§ Problem to work on:
Pictures are to be left out. Return exactly the lines below from the one with "Image 1 of Mark" up to and including the one with "Henrichenburg - Neue".

§ Material provided:
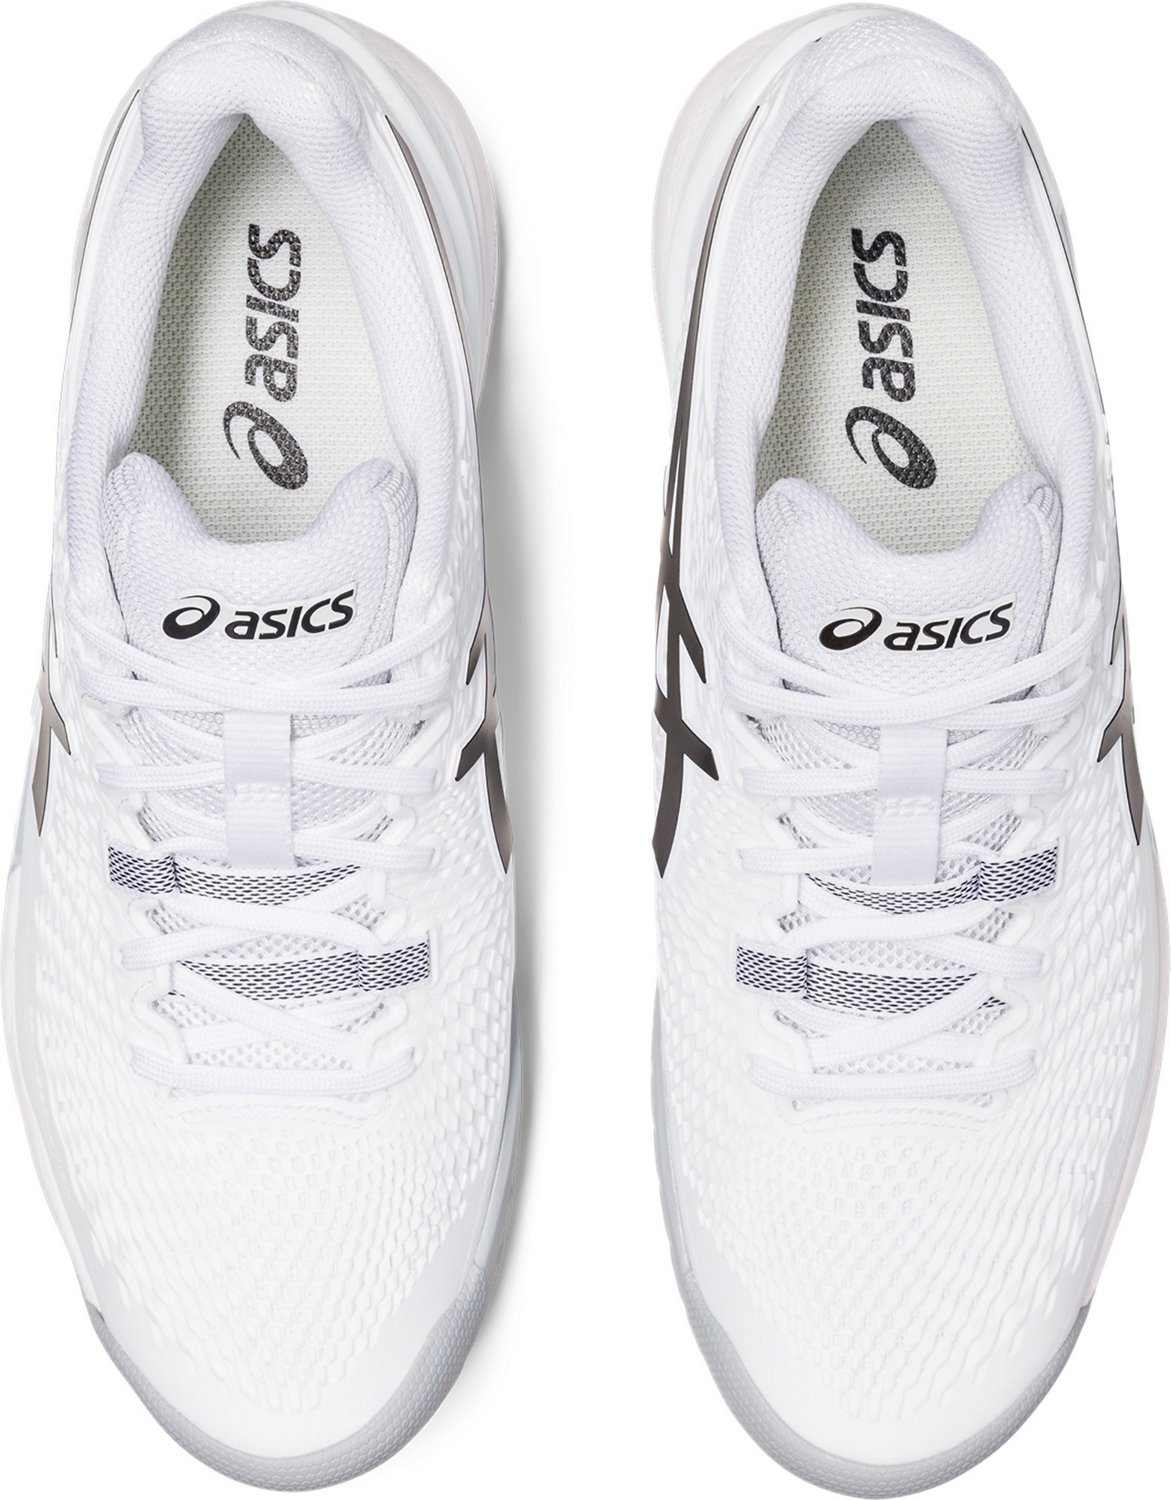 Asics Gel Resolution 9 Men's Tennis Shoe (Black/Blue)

--

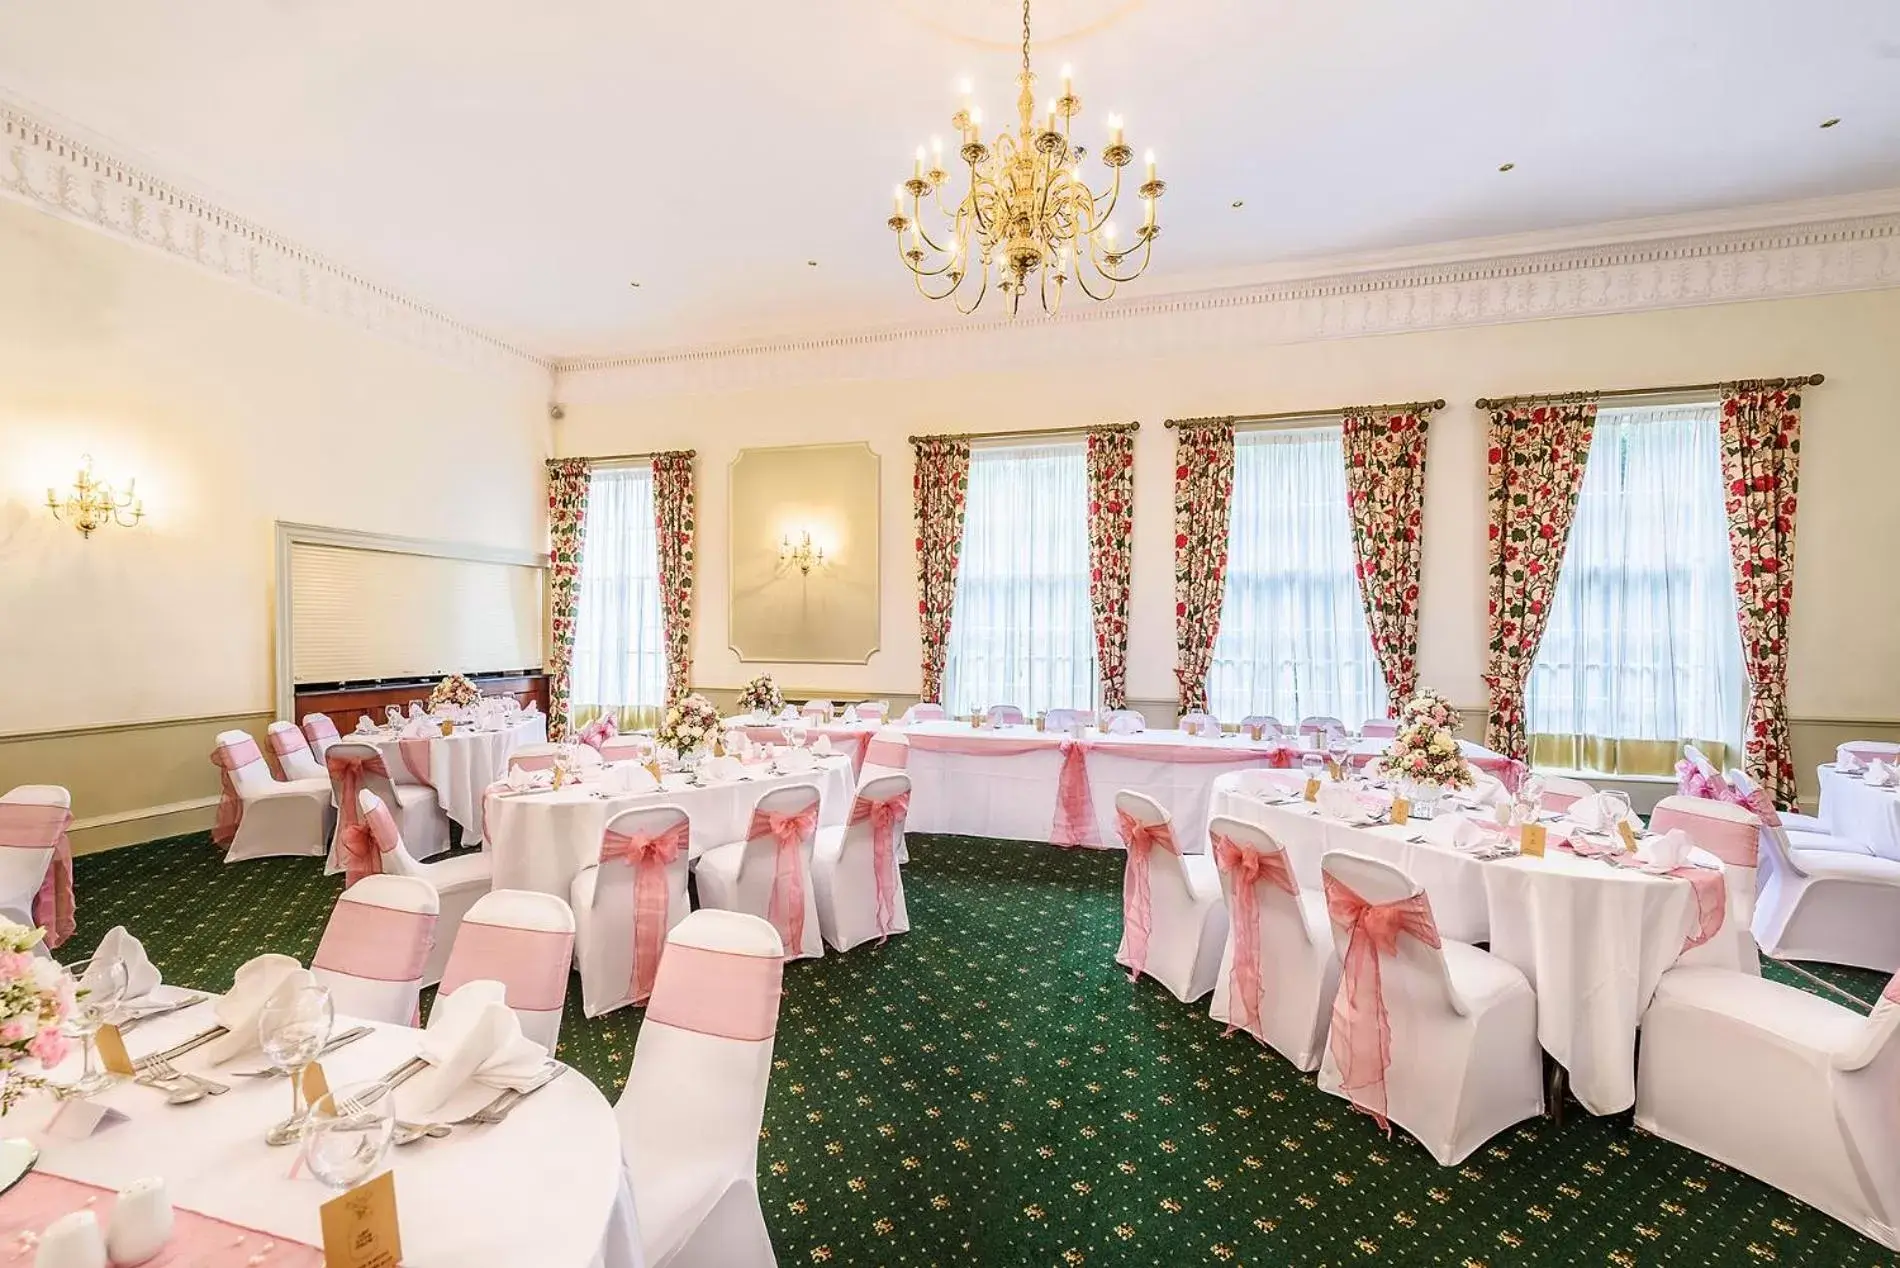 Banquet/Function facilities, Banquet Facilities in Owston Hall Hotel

==

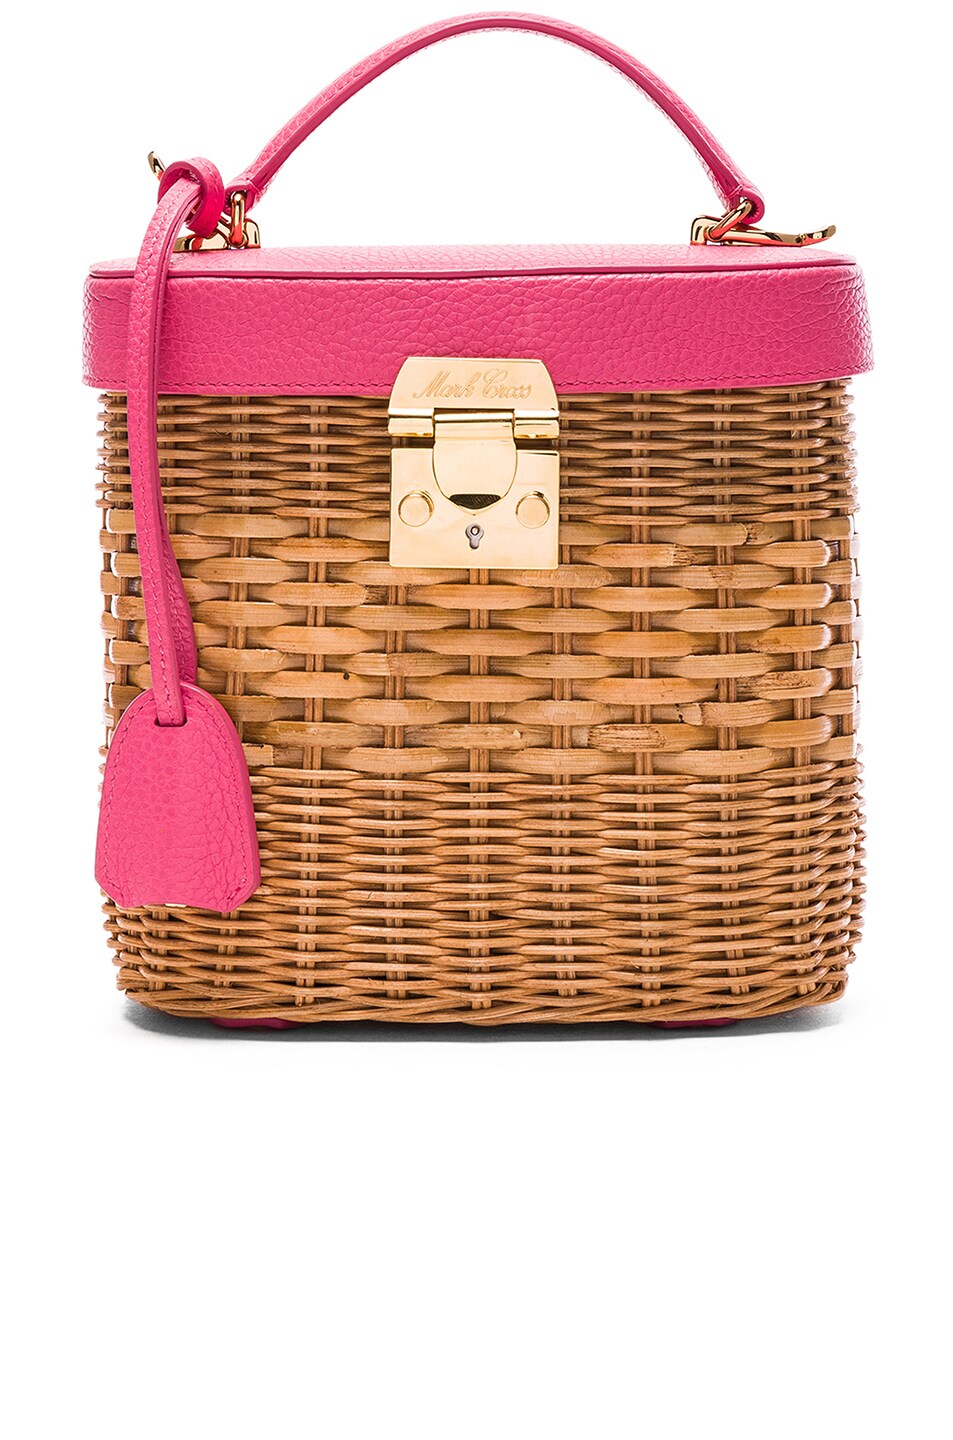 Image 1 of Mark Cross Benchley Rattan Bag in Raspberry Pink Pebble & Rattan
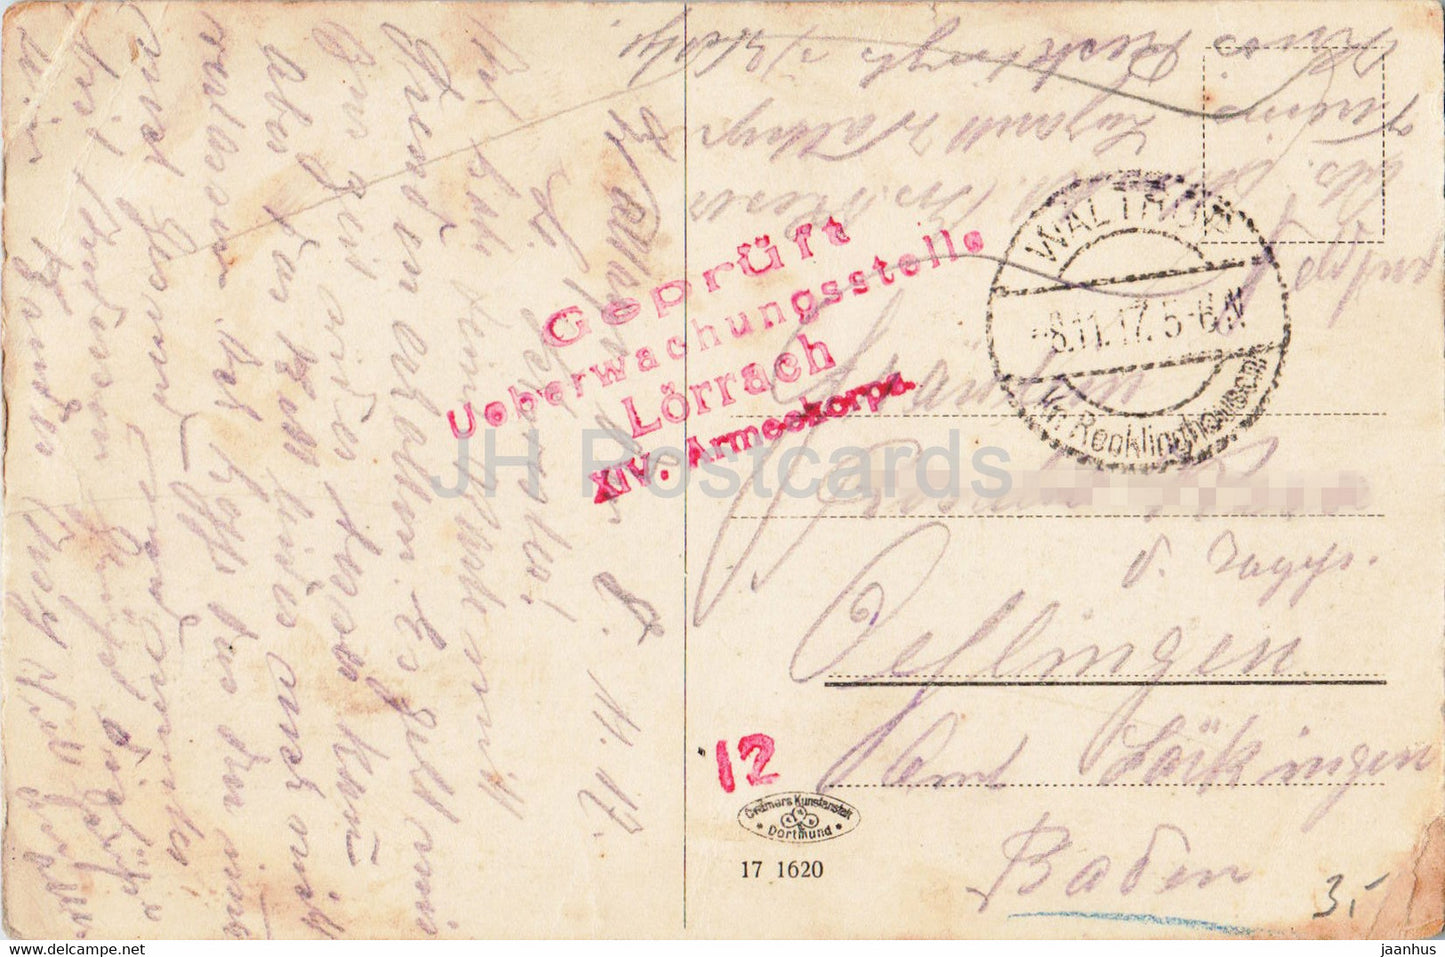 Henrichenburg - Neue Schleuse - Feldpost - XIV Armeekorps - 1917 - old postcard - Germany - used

§ Result of this exercise:
 Image 1 of Mark Cross Benchley Rattan Bag in Raspberry Pink Pebble & Rattan
 Henrichenburg - Neue Schleuse - Feldpost - XIV Armeekorps - 1917 - old postcard - Germany - used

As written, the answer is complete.